Curve Finance suffered an exploit on Sunday that tanked the price of its native CRV token and put over $100 million worth of loans belonging to its founder Michael Egorov at risk of being liquidated. Egorov took multiple loans on various DeFi lending platforms, where he used CRV as collateral and mostly received stablecoins. The liquidation of his large loans could have put pressure on other DeFi protocols due to CRV’s role as a trading pair in various liquidity pools.
Curve Finance attack
The attack occurred on Curve Finance’s four main liquidity pools due to a vulnerability in Vyper, a programming language widely used in DeFi applications. Since the attack, Egorov has moved quickly to sell his CRV holdings to strengthen his loan position and avoid liquidation. Thus far, he has sold a total of 72 million CRV to 15 institutions/investors via over-the-counter deals at a price of $0.4 per token and received $28.8 million in total to repay the debts, according to on-chain analyst Lookonchain. Egorov currently still has 374.18 million CRV ($220.4 million) in collateral and $79 million in debt on five DeFi platforms, per Lookonchain.

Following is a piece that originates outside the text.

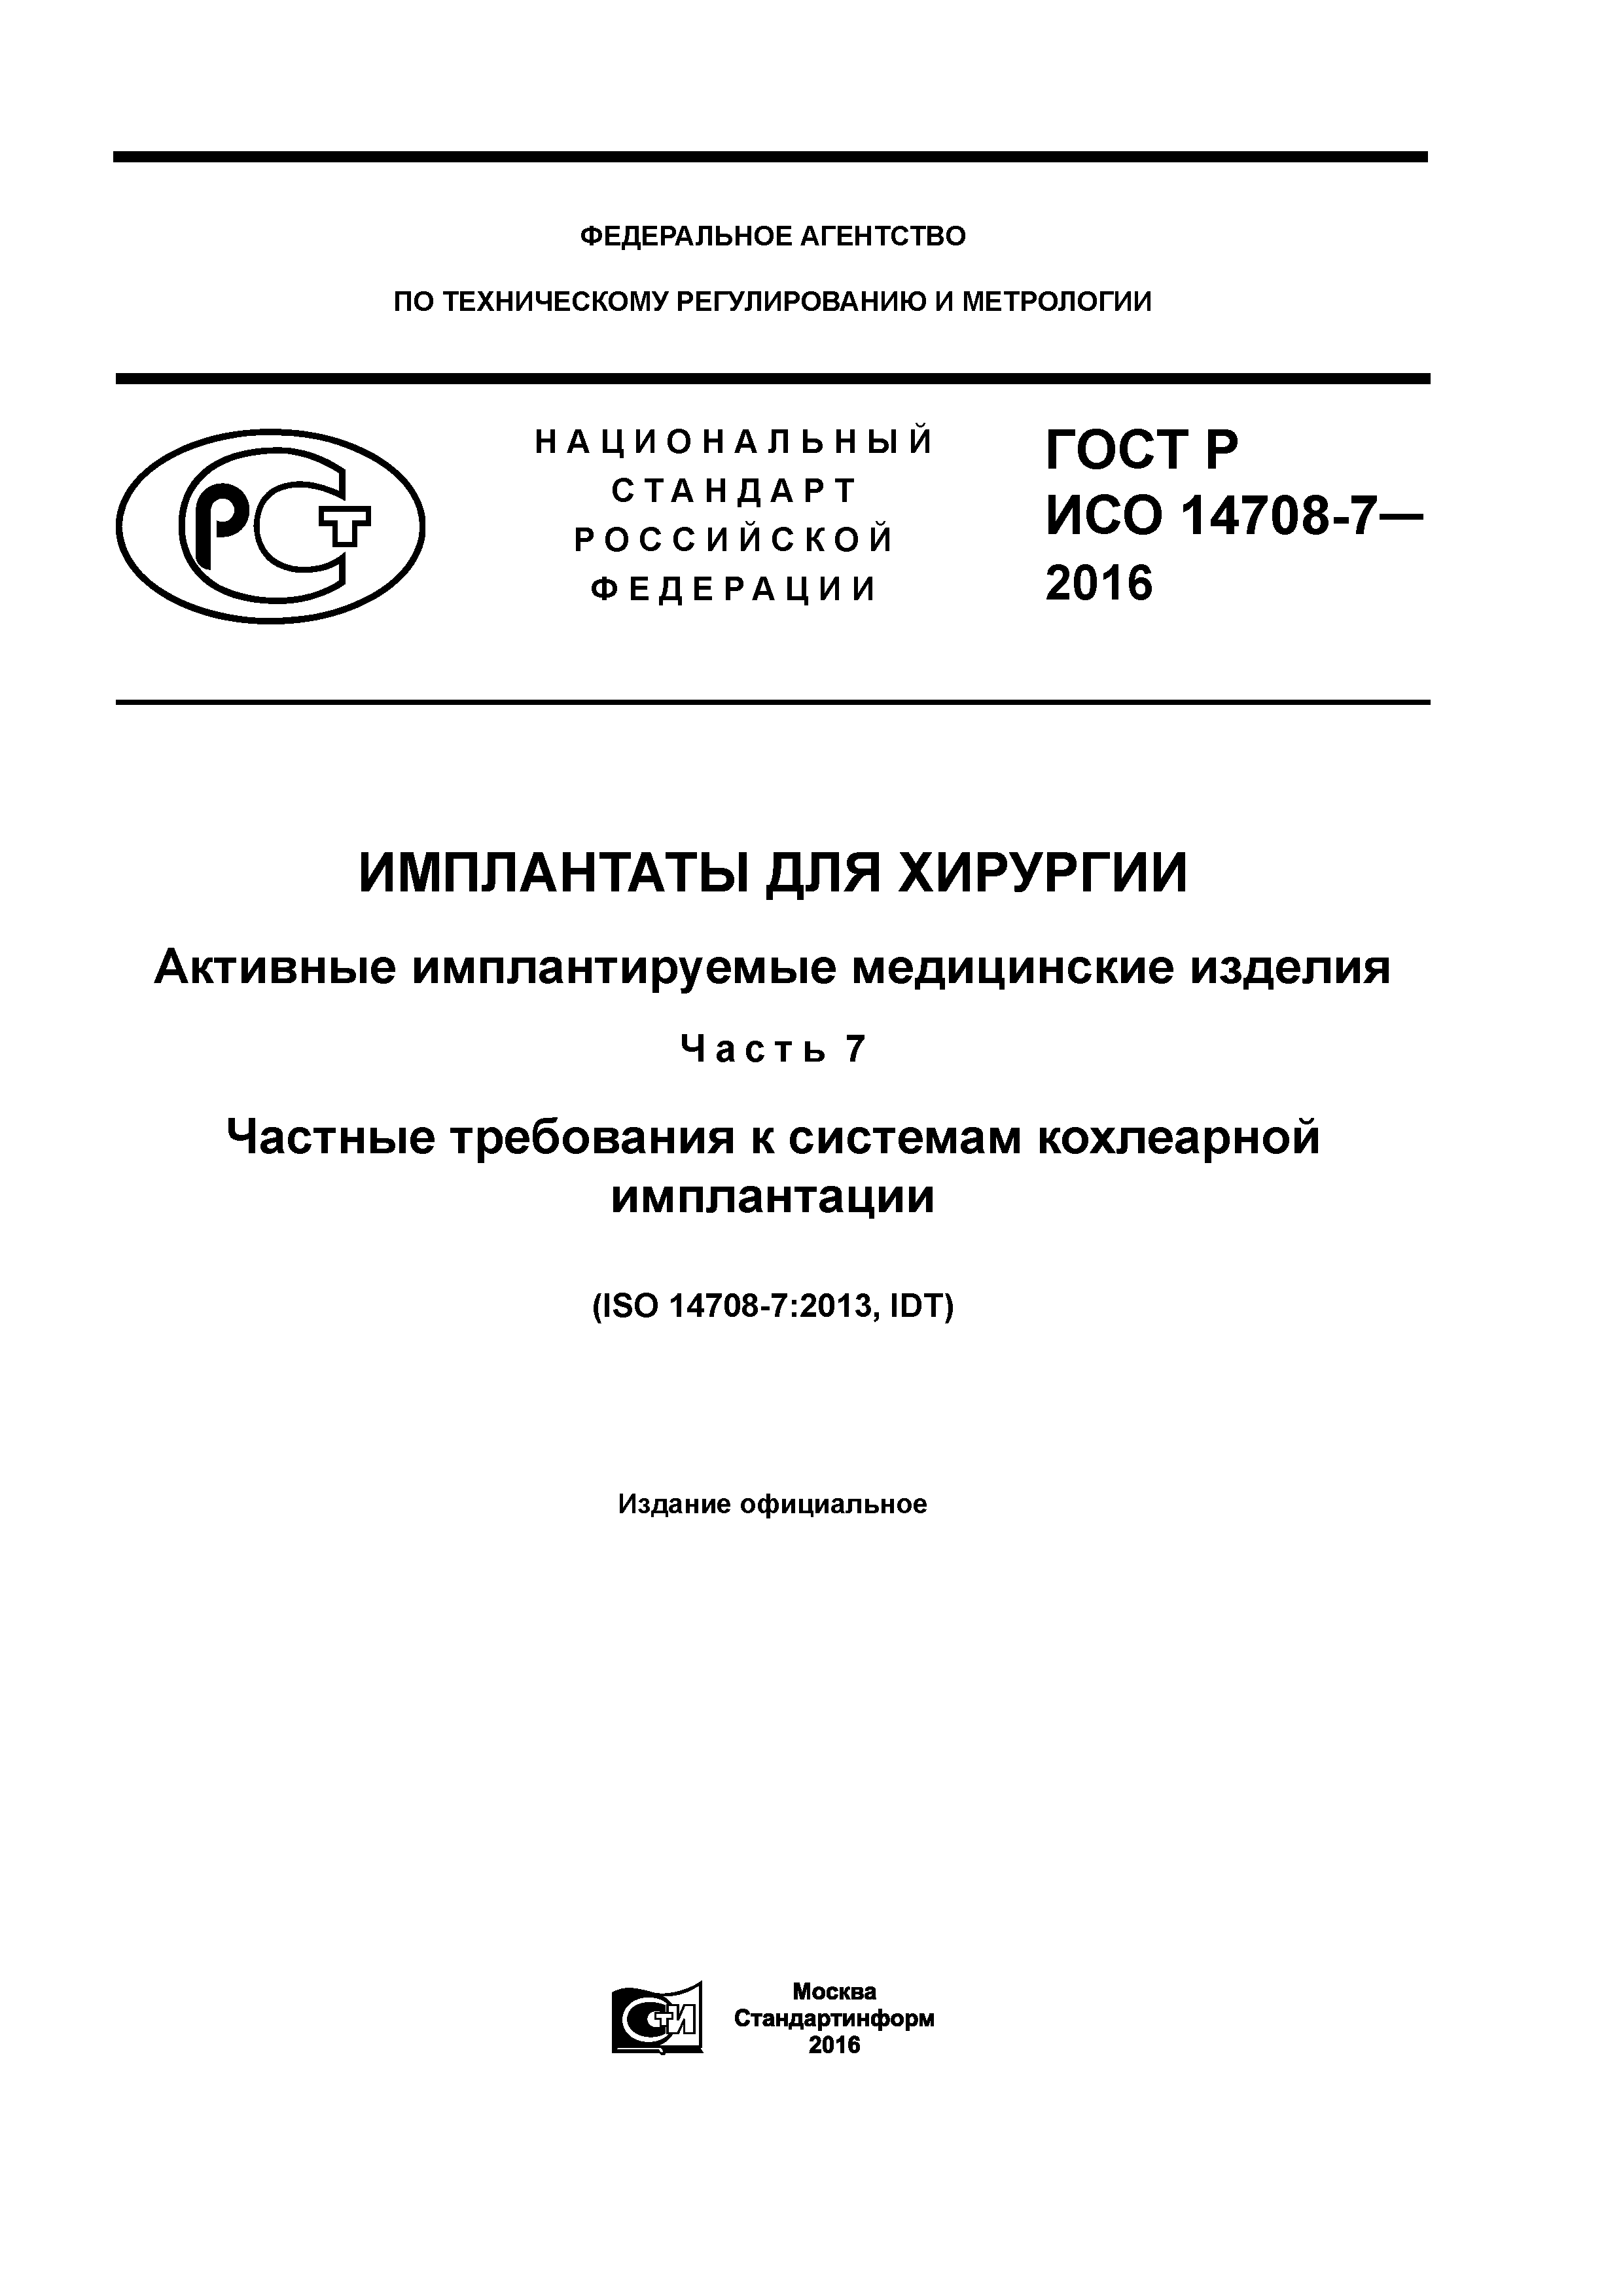 ГОСТ Р ИСО 14708-7-2016

Several large investors, including Tron founder Justin Sun, Huobi co-founder Jun Du, crypto trader DCFGod and Mechanism Capital co-founder Andrew Kang, have coordinated to attempt to save Curve Finance. “This co-ordination has been limiting the contagion effect,” JPMorgan analysts said.
DeFi ecosystem ‘stalling’
Speaking of overall DeFi ecosystem, the analysts said growth has stalled over the past year due to several challenges, including the collapses of Terra and FTX, the U.S. regulatory crackdown and uncertainty, hacks and higher transaction fees. “This has eroded investor’s confidence and led to outflow of funds and exiting of DeFi users,” they said.
But some parts of DeFi are performing well, according to the analysts. Those are the Tron ecosystem and Ethereum Layer 2 networks, including Arbitrium and Optimism, which all have seen their total value locked (TVL) rise over the months.
“The rise in their TVL could be attributed to them offering faster and cheaper transactions to users, who otherwise were facing network congestion and higher transaction costs in Ethereum,” the analysts said.